Cependant, il reste encore un problème subtil concernant le pouvoir d’agir.
John : Je pense que cela sort un peu trop facilement de votre bouche ! Réellement voir qu’il
n’y a pas de moi et toutes les implications que cela implique ne laisserait ni doutes, ni
questions, ni aucune souffrance, au demeurant. La conviction première d’être une personne
distinct(iv)e est le point de départ de tous les problèmes. S’il n’y a pas de moi, alors qui ou
qu’est-ce qui serait l’agissant ? Qui serait responsable, etc. ? C’est donc une question
profonde qui a probablement besoin d’un regard neuf. La question de la nature du soi est la
question ultime. Y répondre de façon concluante, c’est résoudre tous les problèmes et tous
les doutes possibles, parce que ceux-ci proviennent tous d’un manque de clarté fondamental
concernant qui nous sommes. En fait, les autres problèmes ne doivent même pas être
abordés séparément, puisque la croyance en un moi séparé est la cheville ouvrière de tout le
réseau de questions, de doutes et de problèmes.

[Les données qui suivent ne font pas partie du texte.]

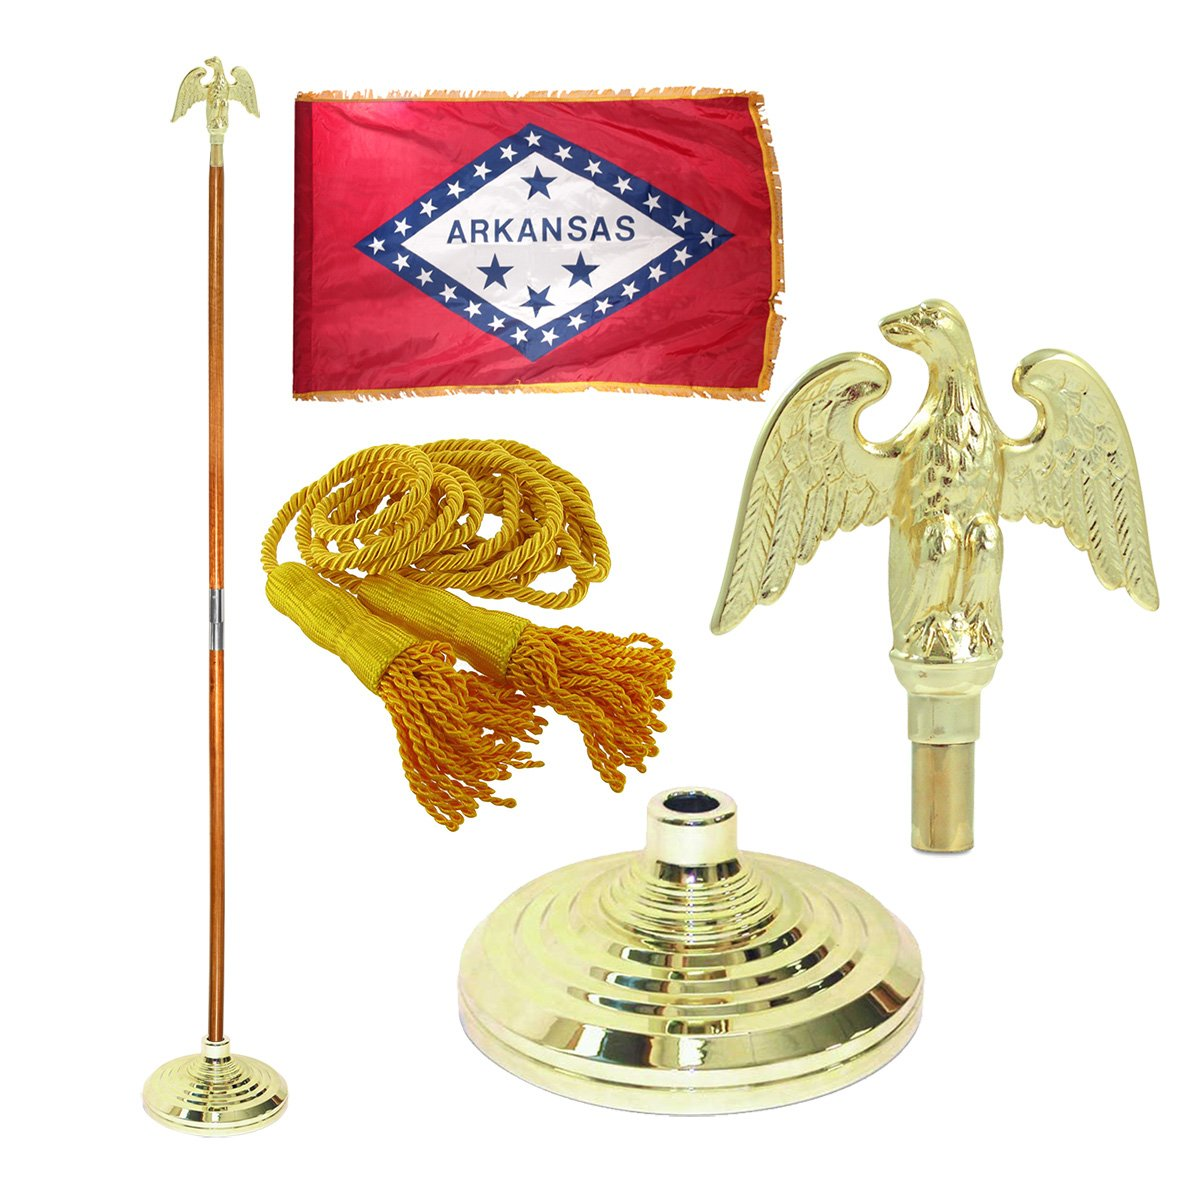 Arkansas 3ft x 5ft Flag, Flagpole, Base, and Tassel (Metal Eagle, 8 Ft Oak Pole)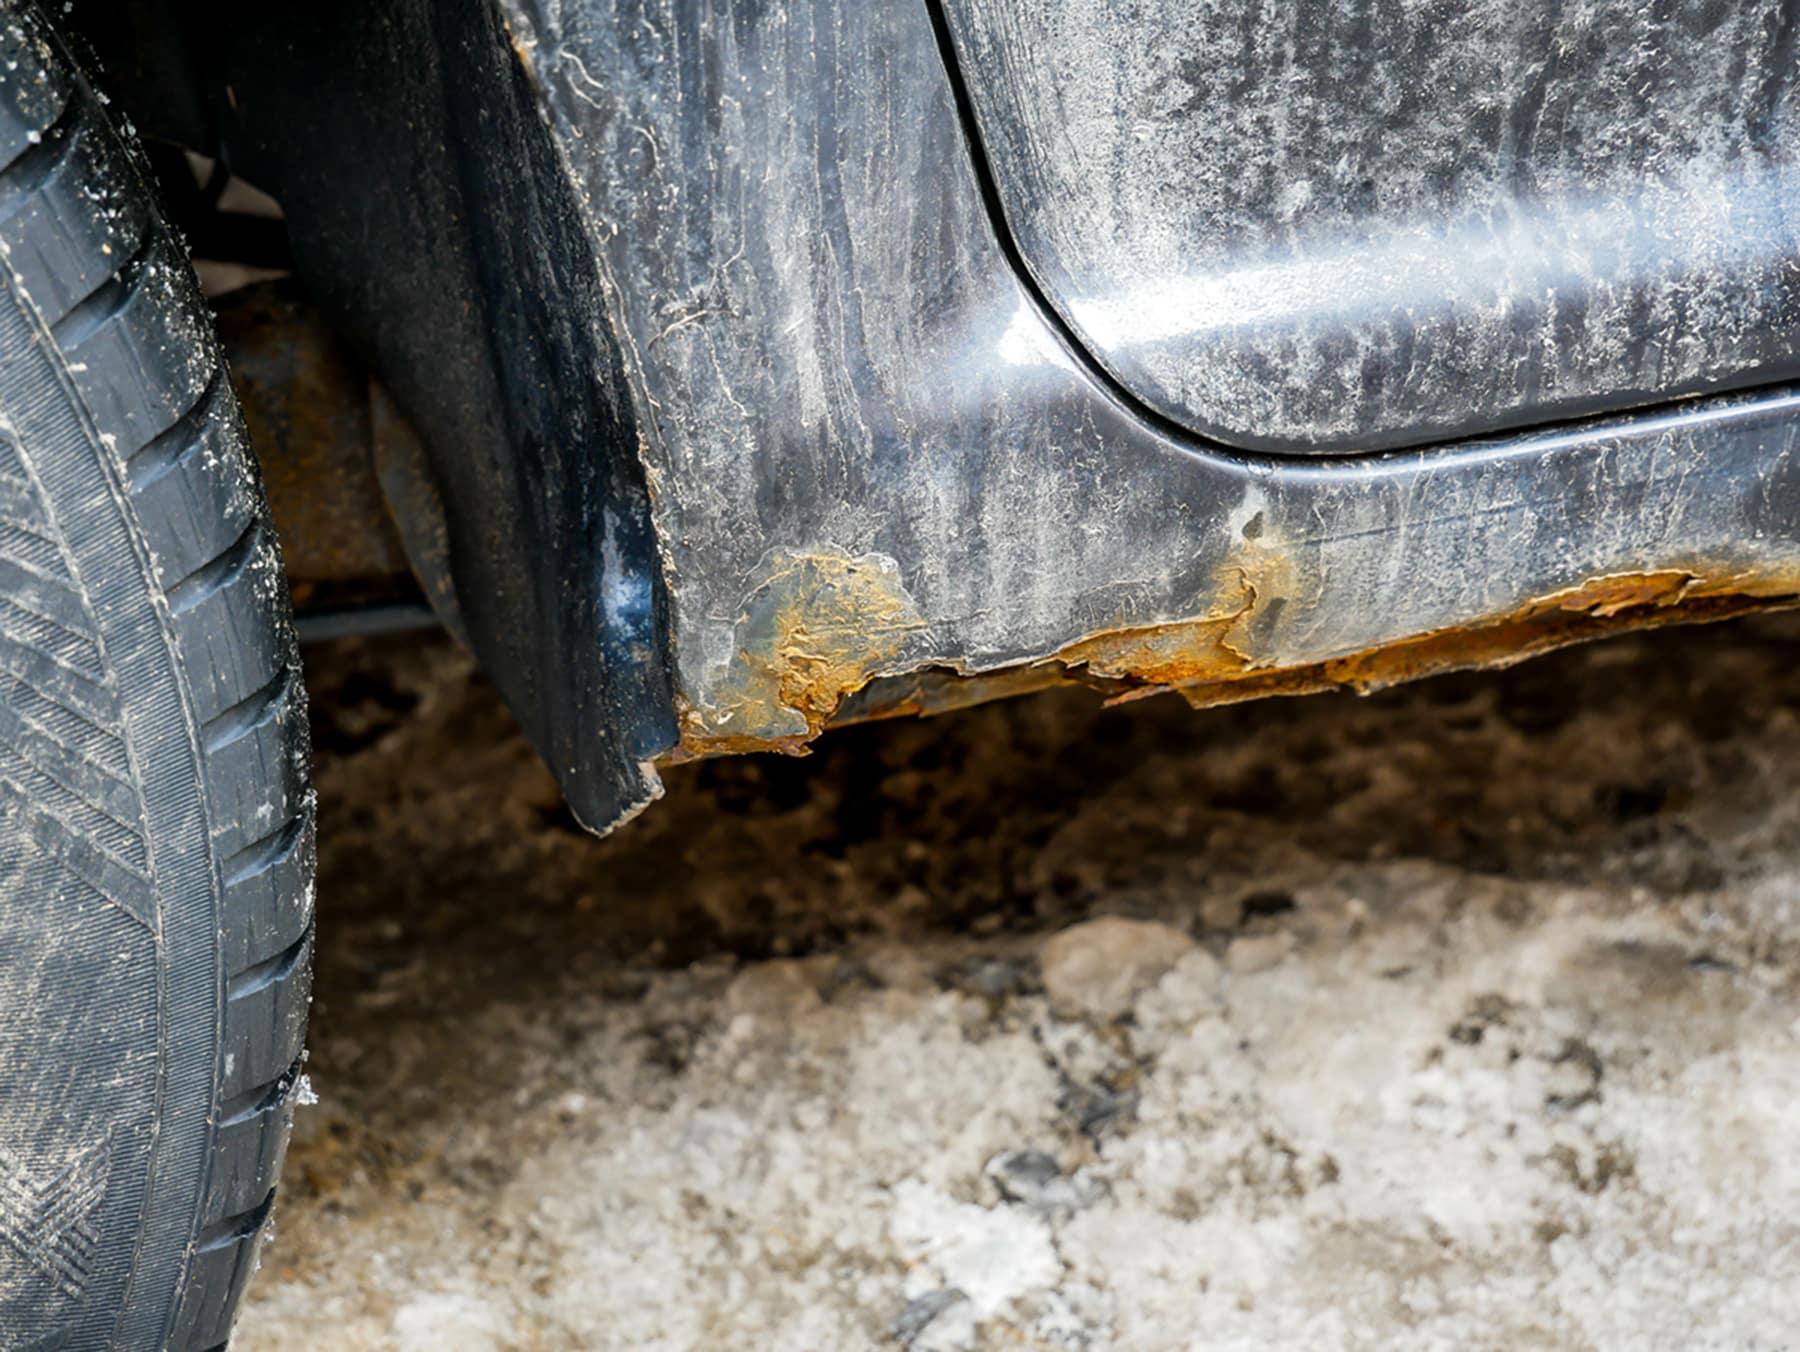 Rust Spots on Car

Q : Le problème réside dans la responsabilité.
J : Ceci présuppose quelqu’un qui soit responsable. Les devoirs, les actions et les tâches ne
sont pas un problème. Votre cœur, vos reins, vos poumons et toutes les fonctions
corporelles opèrent sans discontinuer depuis la naissance, sans être perturbés par le sens
des responsabilités à l’égard de leur travail bien nécessaire. Le problème émane du
sentiment d’être un ‘’je’’ qui sent qu’il est là et responsable. Tout ceci m’arrive à ‘’moi’’ qui
opère. C’est le hic et la véritable source du problème. Vous verrez que tout revient à la
problématique du sens de soi qui est centrale.
Q : J'ai une famille à soutenir et cela, avec d'autres expériences de la vie, ne m’a pas laissé
vraiment rêveur (même si je puis admettre que tout soit un Rêve).
J : Le corps et l’esprit soutiennent la famille qu’ils ont créée ! Où se situe la difficulté ? Il doit
y avoir une autre idée en jeu comme ‘’on me prive de ma liberté, on m’empêche de faire
d’autres choses que je veux faire’’. Quelle est l’origine du problème ?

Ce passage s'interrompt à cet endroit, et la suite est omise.